Monday, December 29, 2014

Wednesday, December 17, 2014

Most Popular Data Mining Algorithms

http://www2.cs.uh.edu/~ceick/DM/10Algorithms-08.pdf

This paper presents the top 10 data mining algorithms identified by the IEEE International Conference on Data Mining (ICDM) in December 2006.

Does anyone know of anything similar that is more recent?

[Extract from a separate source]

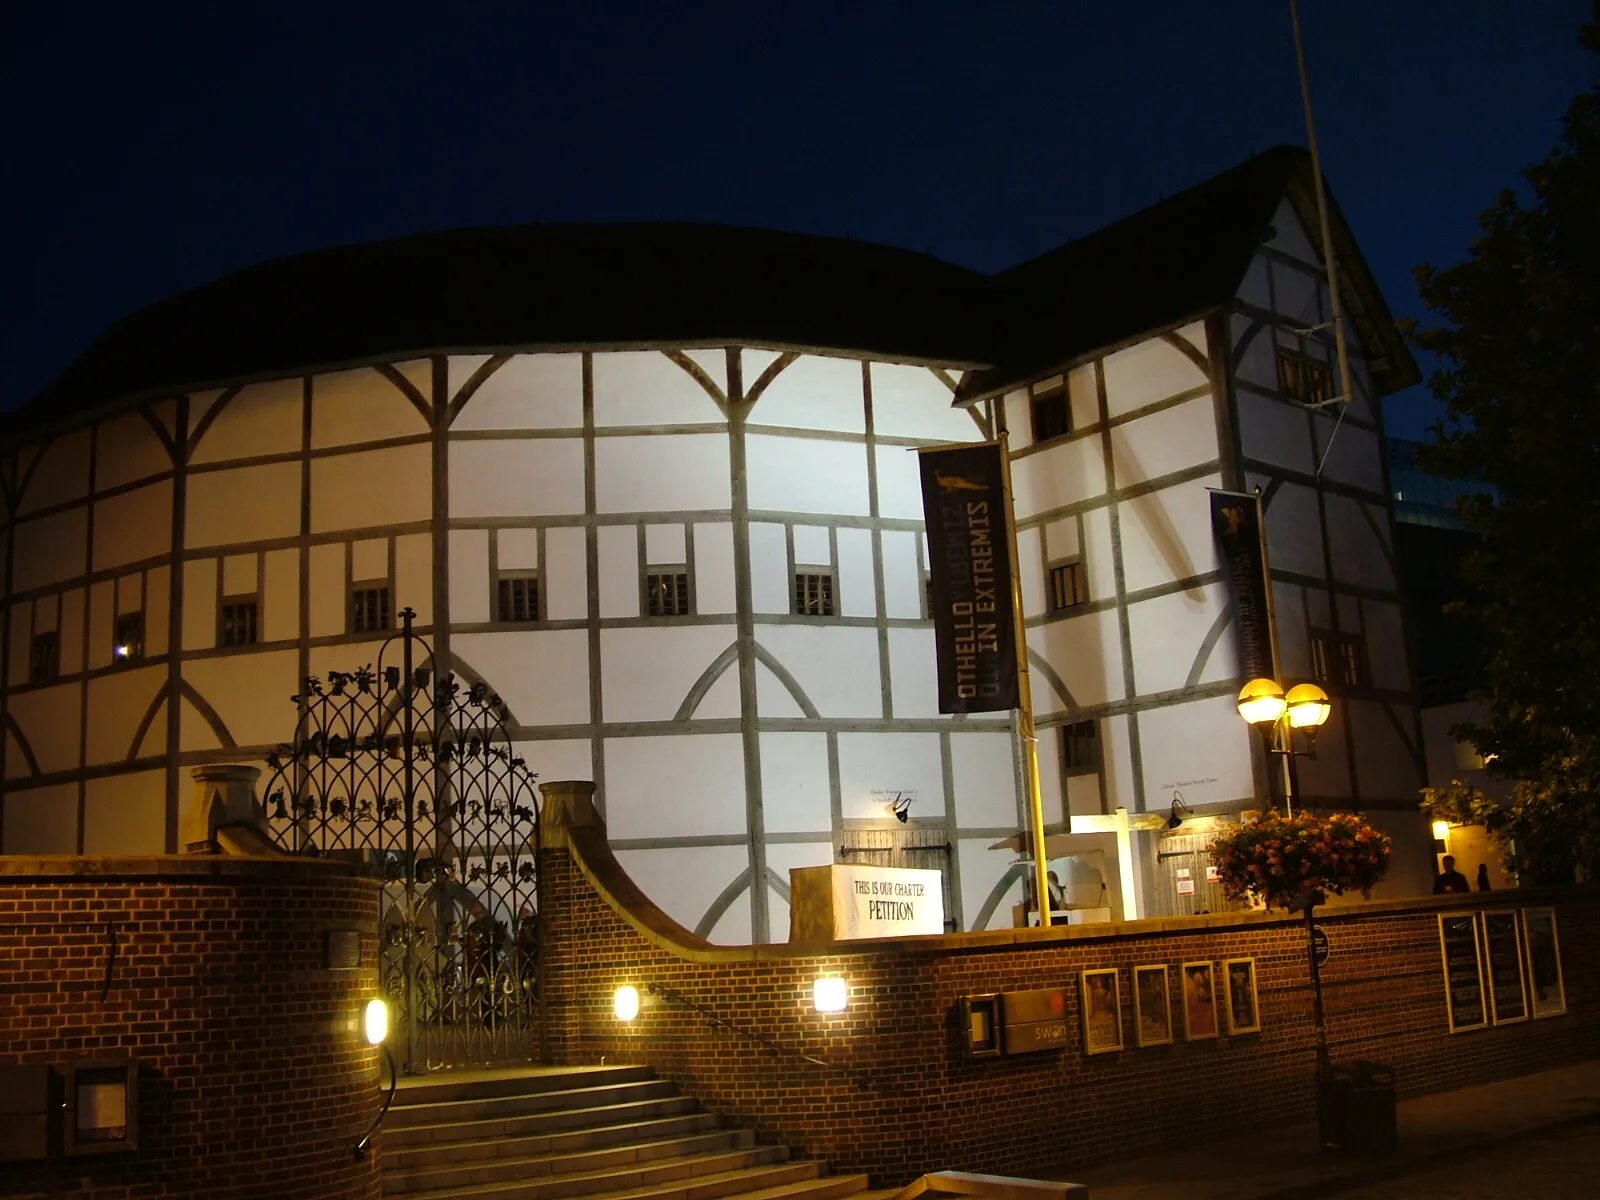 Театр Глобус Шекспира 1599. Глобус Шекспира Лондон. Шекспировский театр Глобус в Лондоне. Вильям Шекспир театр Глобус.

Tuesday, December 16, 2014

Saturday, December 13, 2014

Boosting vs Bagging

This is a paper that compares bagging and boosting on decision trees:

http://home.eng.iastate.edu/~julied/classes/ee547/Handouts/q.aaai96.pdf

The paper shows that both bagging and boosting improve over individual trees and that boosting usually gives better results than bagging, although in some cases boosting fails, probably due to its tendency to get distracted by noisy records.

Note that Quinlan is an important name in the field of machine learning. He is the one that introduced C4.5.

Thursday, December 11, 2014

NetFlix

Here are a few articles related to the Netflix prize:

Lessons from the Netflix prize challenge (By the contest winners).
The BellKor Solution (2007)
The BellKor Solution (2009)
The Pragmatic Theory Solution (2009)
The Big Chaos Solution (2009)

De-anonymization of the Netflix Dataset (It turned out to be much easier than what I thought!)



On Bootstrapping Vs Cross Validation

Here is a link from Jan about the difference between cross validation and bootstrapping:
http://www.r-bloggers.com/comparing-the-bootstrap-and-cross-validation/

Here is also a link to a very famous paper (published in 1995) that compares between bootstrapping and cross validation:
http://www.cs.iastate.edu/~jtian/cs573/Papers/Kohavi-IJCAI-95.pdf

Monday, December 8, 2014

Model Ensembles Again!

Here is a good (a bit old though) reference and experimental comparison between ensemble methods.

Wednesday, December 3, 2014

Model Ensembles

I have added some "borrowed" slides on model ensembles. These slides are a good summary for a good portion of what we have covered in class but not everything.

Make sure also to review what I write on the board.